A 1-day-old baby boy was referred from a local obstetric clinic due to feeble crying, tachypnea, and tachycardia. Two-dimensional echocardiography with Doppler and multidetector computer tomography showed mirror-image type D interrupted aortic arch, conotruncal ventricular septal defect, and patent ductus arteriosus. Emergency cardiac surgery by a biventricular Norwood procedure was performed to relieve his symptom and sign of congestive heart failure successfully. Thymus could not be seen by surgical exploration of the superior mediastinum. Serum C-terminal parathyroid hormone was decreased to less than the normal lower limit. Cytogenetic analysis and fluorescence in situ hybridization study of blood revealed a deletion in chromosome 22q11.2. To the best of our knowledge, mirror-image type D interrupted aortic arch has never been reported in patients with the del22q11.2 syndrome in the English literature. This unusual aortic arch anomaly may provide us a new perspective in the spectrum of cardiovascular malformations in the del22q11.2 syndrome and advocate 22q11.2 deletion as one of the genetic causes of some rare aortic arch anomalies and their correspondent mirror-images.

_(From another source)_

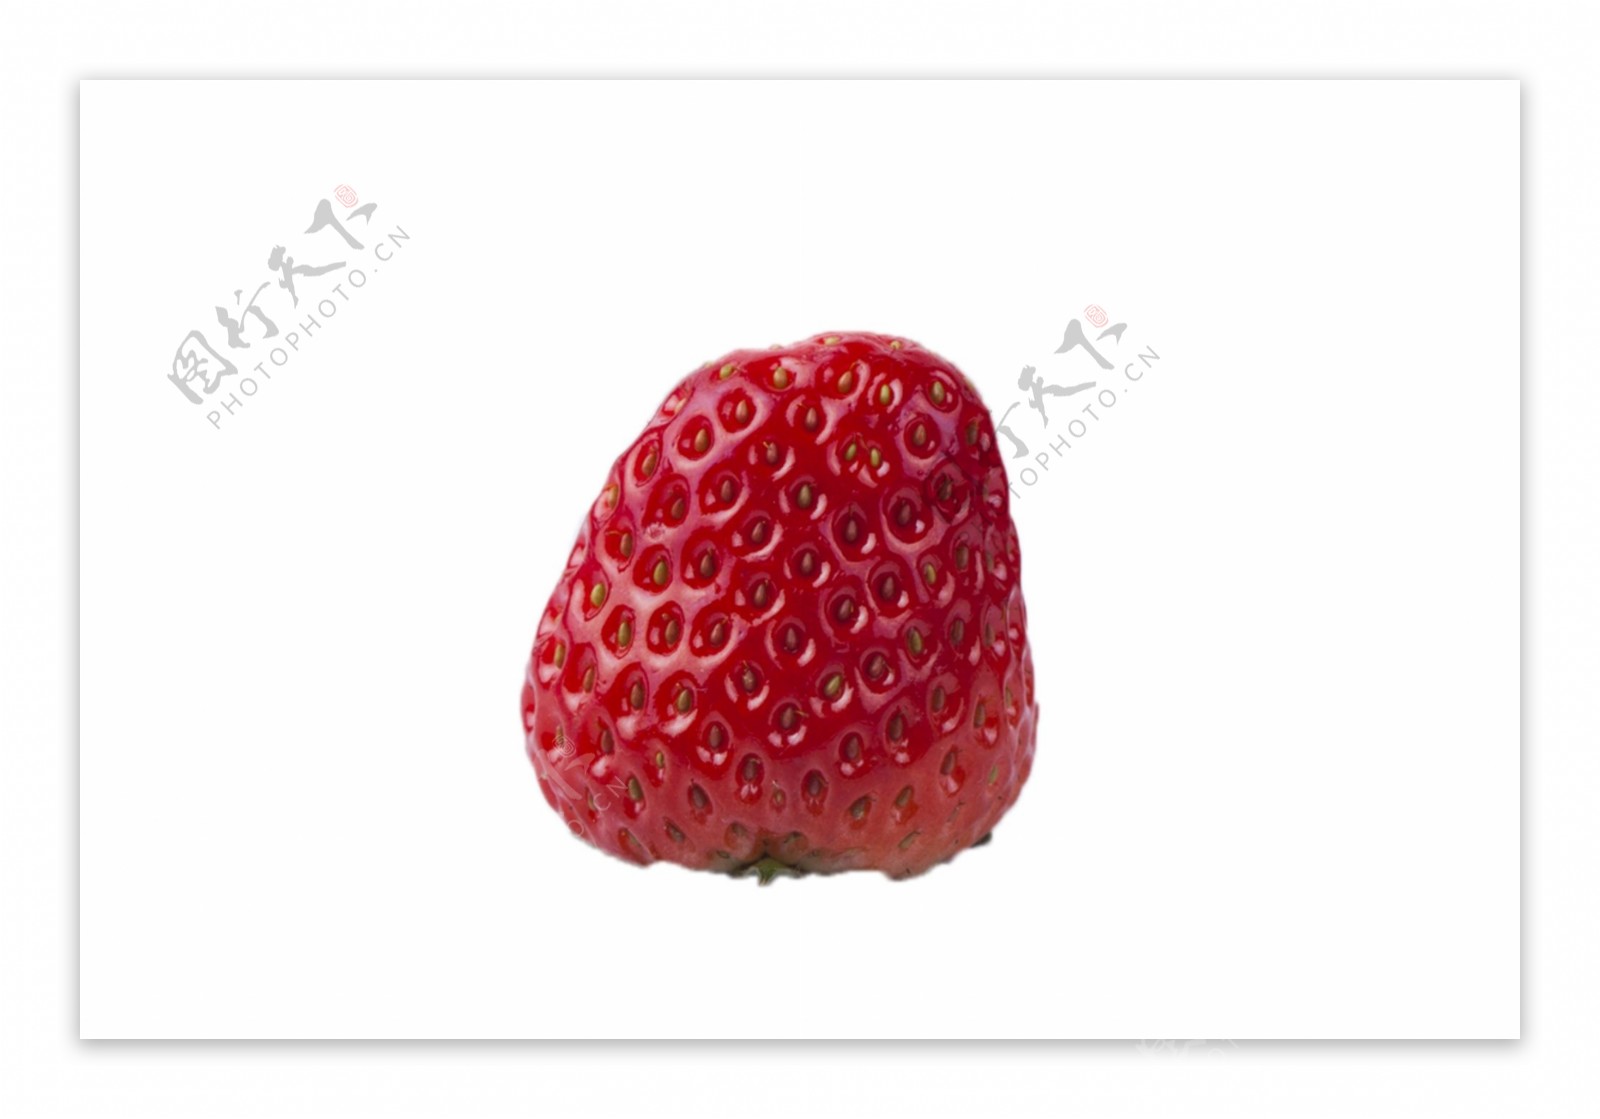 安食全食物绿食品草莓

一名 1 日龄男婴因哭声微弱、呼吸急促和心动过速,从当地产科诊所转来。二维超声心动图结合多普勒和多排计算机断层扫描显示镜像型 D 型主动脉弓中断、圆锥动脉干间隔缺损和动脉导管未闭。通过双心室 Norwood 手术进行紧急心脏手术,成功缓解充血性心力衰竭的症状和体征。通过对纵隔上部的手术探查,未能看到胸腺。血清 C 末端甲状旁腺激素降至低于正常值下限。血液的细胞遗传学分析和荧光原位杂交研究显示染色体 22q11.2 缺失。据我们所知,镜像型 D 型主动脉弓中断在英文文献中从未在 del22q11.2 综合征患者中报道过。这种不常见的主动脉弓异常可能为我们提供了一个新的视角,即 del22q11.2 综合征中心血管畸形的范围,并提倡 22q11.2 缺失是一些罕见的主动脉弓异常及其相应镜像的遗传原因之一。